Предметом больших раздумий для членов тайного общества был вопрос о путях ликвидации крепостного права. Некоторые декабристы обращались тогда к царю с обстоятельными записками о вреде крепостничества и необходимости его отмены. В числе авторов этих записок был и Александр Муравьев. Вопрос отмены крепостного права волновал его на протяжении всей жизни. В мучительных раздумьях он неустанно искал способы освобождения крестьян от рабства.
В начале 1818 г. А.Н. Муравьев выступил с гневной острополемической отповедью на записку предводителя калужского дворянства князя Н.Г. Вяземского — ярого защитника крепостнических порядков. Записка А.Н. Муравьева под названием “Ответ сочинителю речи о защищении права дворян на владение крестьянами” [243] за подписью “Россиянин” ходила в копиях по обеим столицам и была передана Александру I через министра двора князя П.М. Волконского. “Ответ” А.Н. Муравьева, написанный по предложению членов Коренной управы Союза благоденствия, — документ, ярко выразивший раннюю идеологию движения декабристов. Записка во многом напоминает пафос и убежденность А.Н. Радищева. [244] Из мемуаров С.П. Трубецкого, часто цитируемых исследователями, широко известна оценка записки А. Муравьева “просвещенным монархом”: “Его величество, прочтя, сказал: “Дурак!

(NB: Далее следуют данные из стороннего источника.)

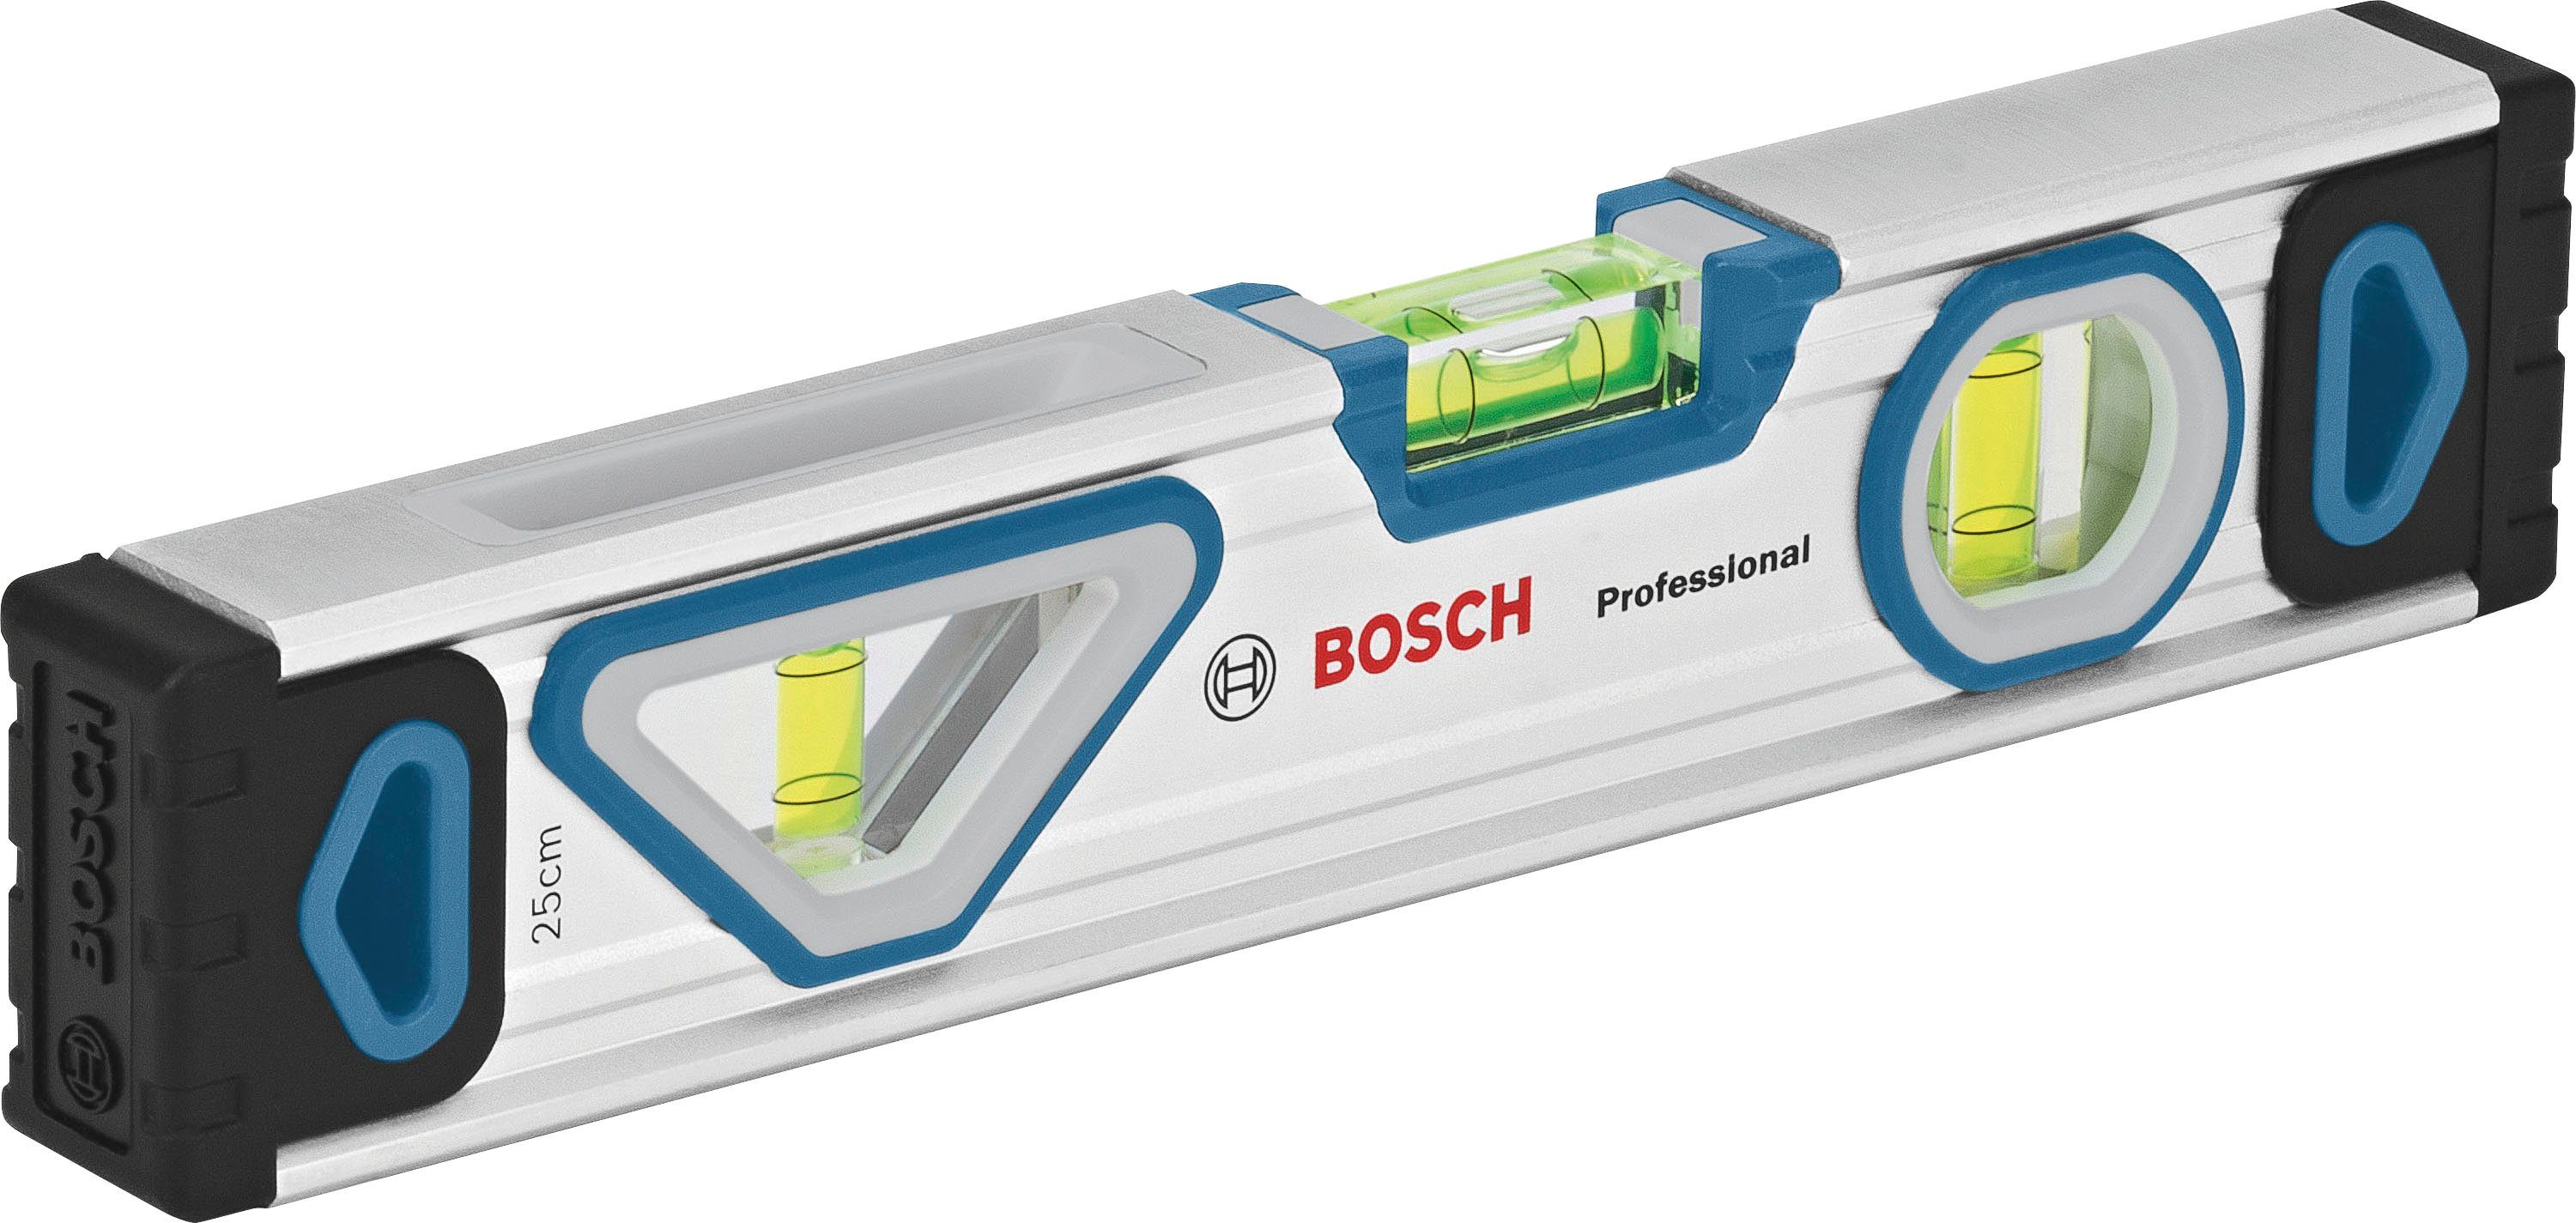 Bosch Professional Werkzeugset (1600A027M3), 13-tlg., und Universalmesser Ersatzklingen Maßband, Wasserwaage

Не в свое дело вмешался”. “Такие действия государя, — продолжал Трубецкой, — казались обществу не согласующимися с тою любовью к народу и желанием устроить его благоденствие, которое оно в нем предполагало”. [245]
243
Впервые опубликована в период подготовки крестьянской реформы в “Чтениях общества истории древностей российских” (1859, кн. 3, отд. 5, с. 43–50). В наше время — в кн.: “Их вечен с вольностью союз”. Литературная критика и публицистика декабристов. М.: Современник, 1983, с. 219–225.
244
Нечкина М.В. Движение декабристов т. 1, с. 232.
245
Записки С.П. Трубецкого. — В кн.: Мемуары декабристов. Северное общество. М.: Изд-во МГУ, 1981, с. 30.
“Любовь к правде — вот все мои титла и права”, — пишет в начале своего сочинения Александр Муравьев. Эти слова как никакие другие могут служить оценкой всей его жизни. Гневно осуждает он позицию крепостников, выраженную в записке Н.Г. Вяземского. “Чем же жаловали дворян? — спрашивает Муравьев и отвечает, цитируя “записку” и с возмущением возражая крепостнику: “Поместьями, дающими законное право”… Законное право (!!!) пользоваться чем же? Землями и трудами своих крестьян и располагать их участию! Если это право законное, что же беззаконное? Скажите: в каком столетии, в каком благополучном граде сие начертано?” Н.Г. Вяземский, защищая “законные права” крепостников, прикрывался “патриархальностью” отношений помещика и крепостного. “Хорош тот “патриарх”, — отвечал ему Муравьев, — который покупает, торгует, продает себе подобных, меняет людей на собак, на лошадей, закладывает и уплачивает ими свои долги, вопреки воли их употребляет на свои удовольствия, прихоти; расторгает браки и часто, весьма часто удовлетворяет ими гнуснейшие свои страсти! Довольно!.. Упаси боже от таких патриархов!” В этом же сочинении, напоминая о французской революции 1789 г., Александр Муравьев признает правомерность народных выступлений против деспотизма. [246]
246
Нечкина М.В. Движение декабристов, т. 1, с. 233.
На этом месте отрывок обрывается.